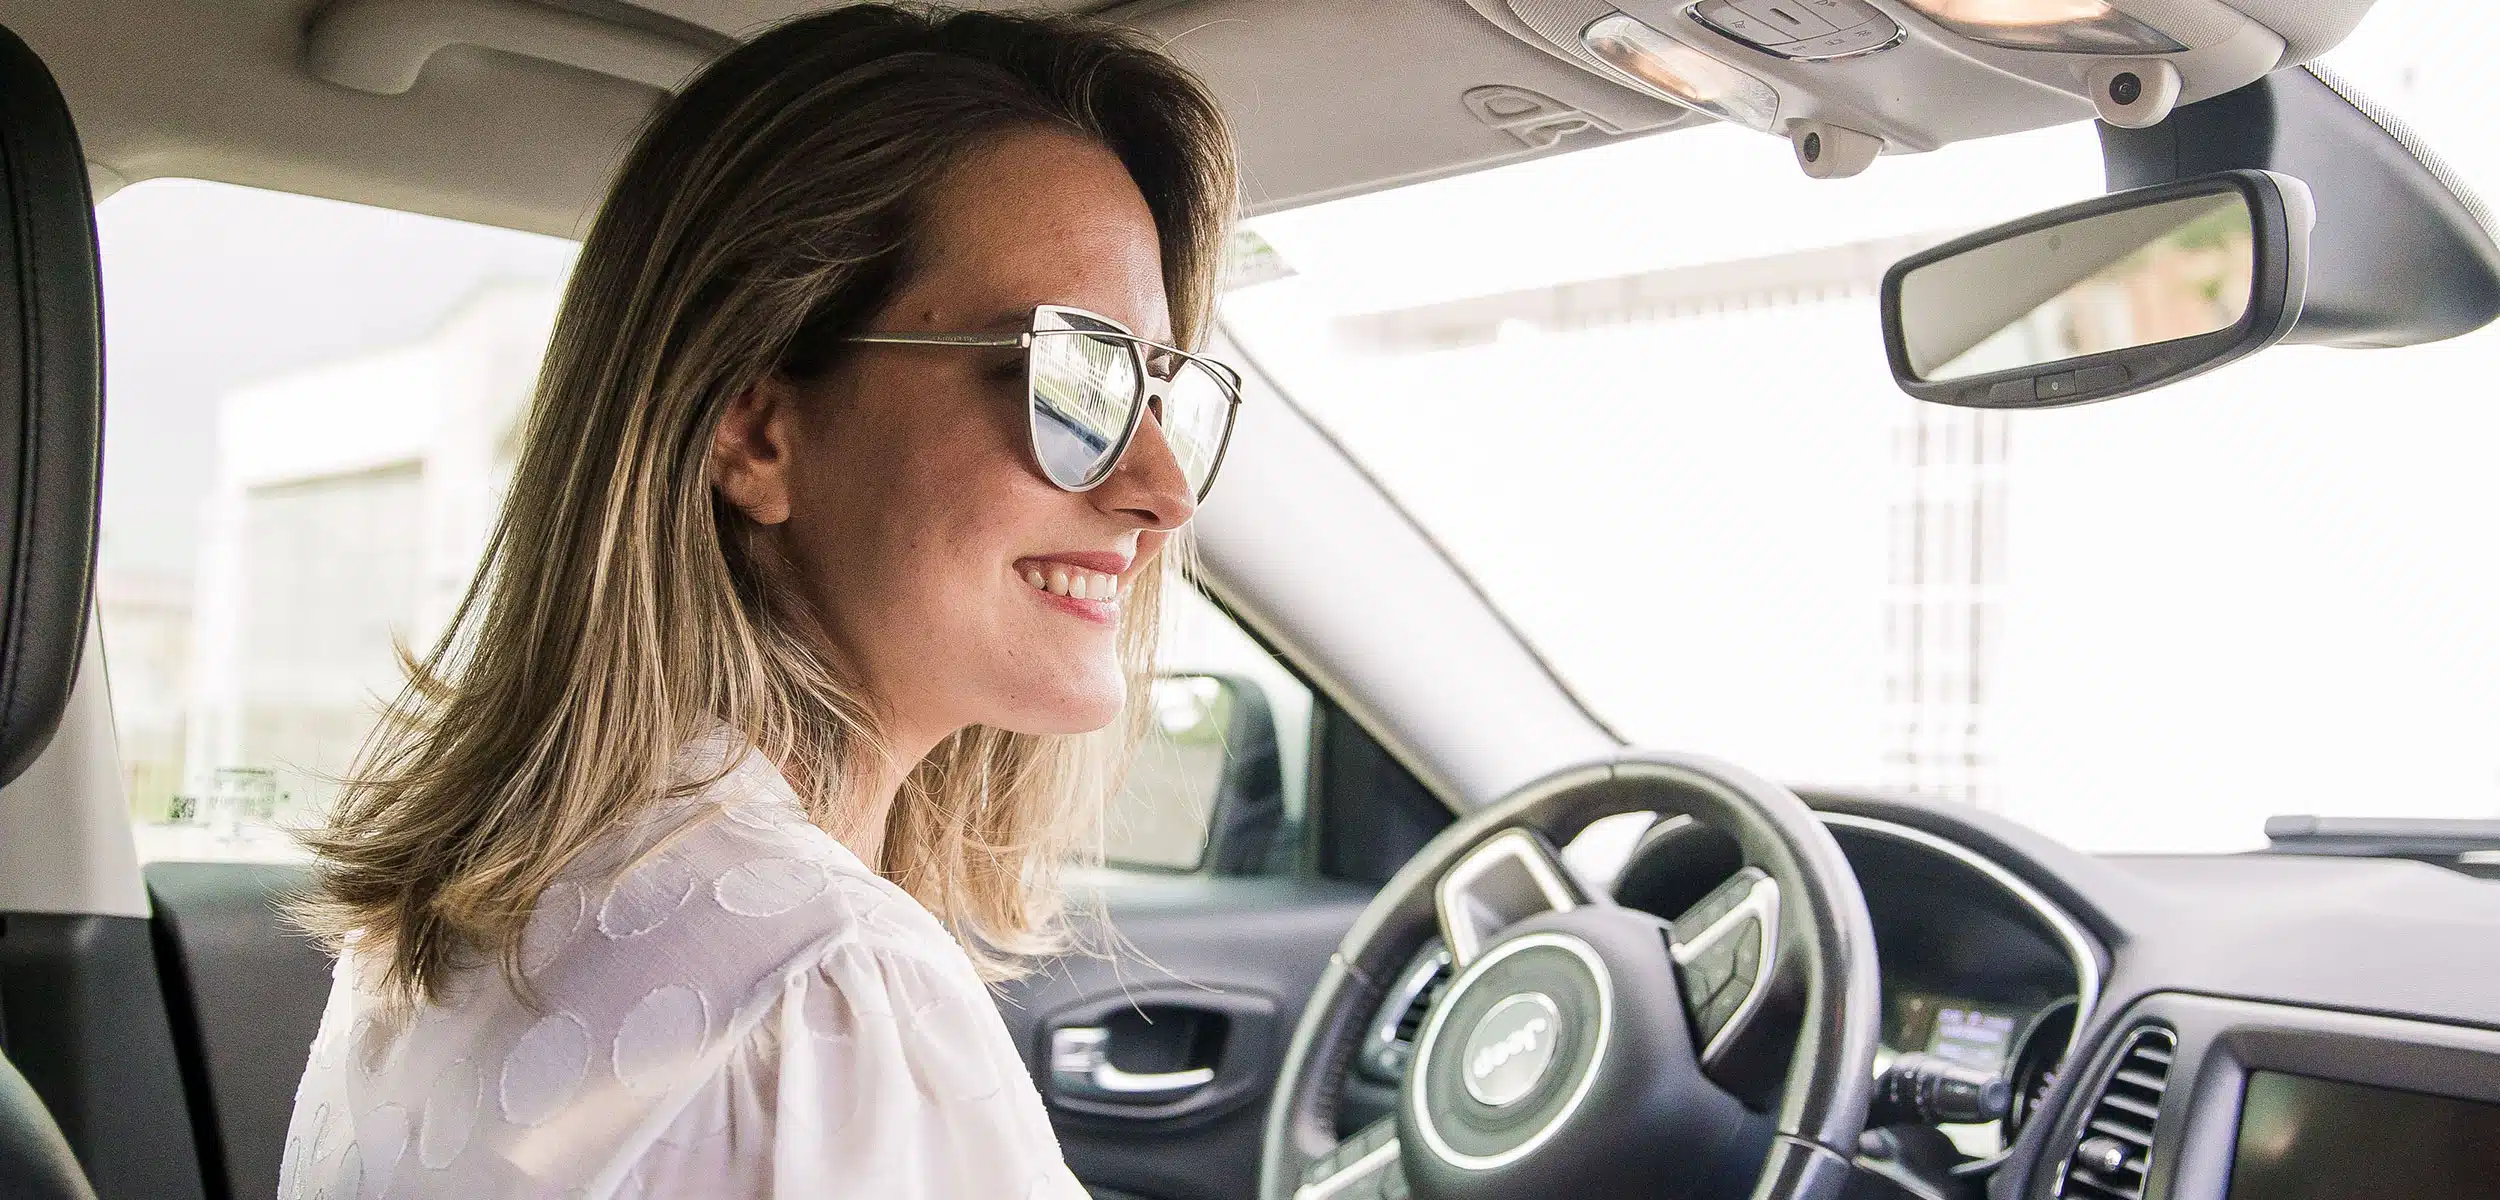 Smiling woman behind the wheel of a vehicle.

* * *

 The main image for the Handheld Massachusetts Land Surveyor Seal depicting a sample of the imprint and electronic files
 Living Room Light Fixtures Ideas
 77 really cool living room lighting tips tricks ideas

ASSIGNMENT.
Set down, exactly as they stand above, the lines starting with the line with "Living Room Light Fixtures Ideas" and going on through the line with "77 really cool", and no others.

RESULT.
 Living Room Light Fixtures Ideas
 77 really cool living room lighting tips tricks ideas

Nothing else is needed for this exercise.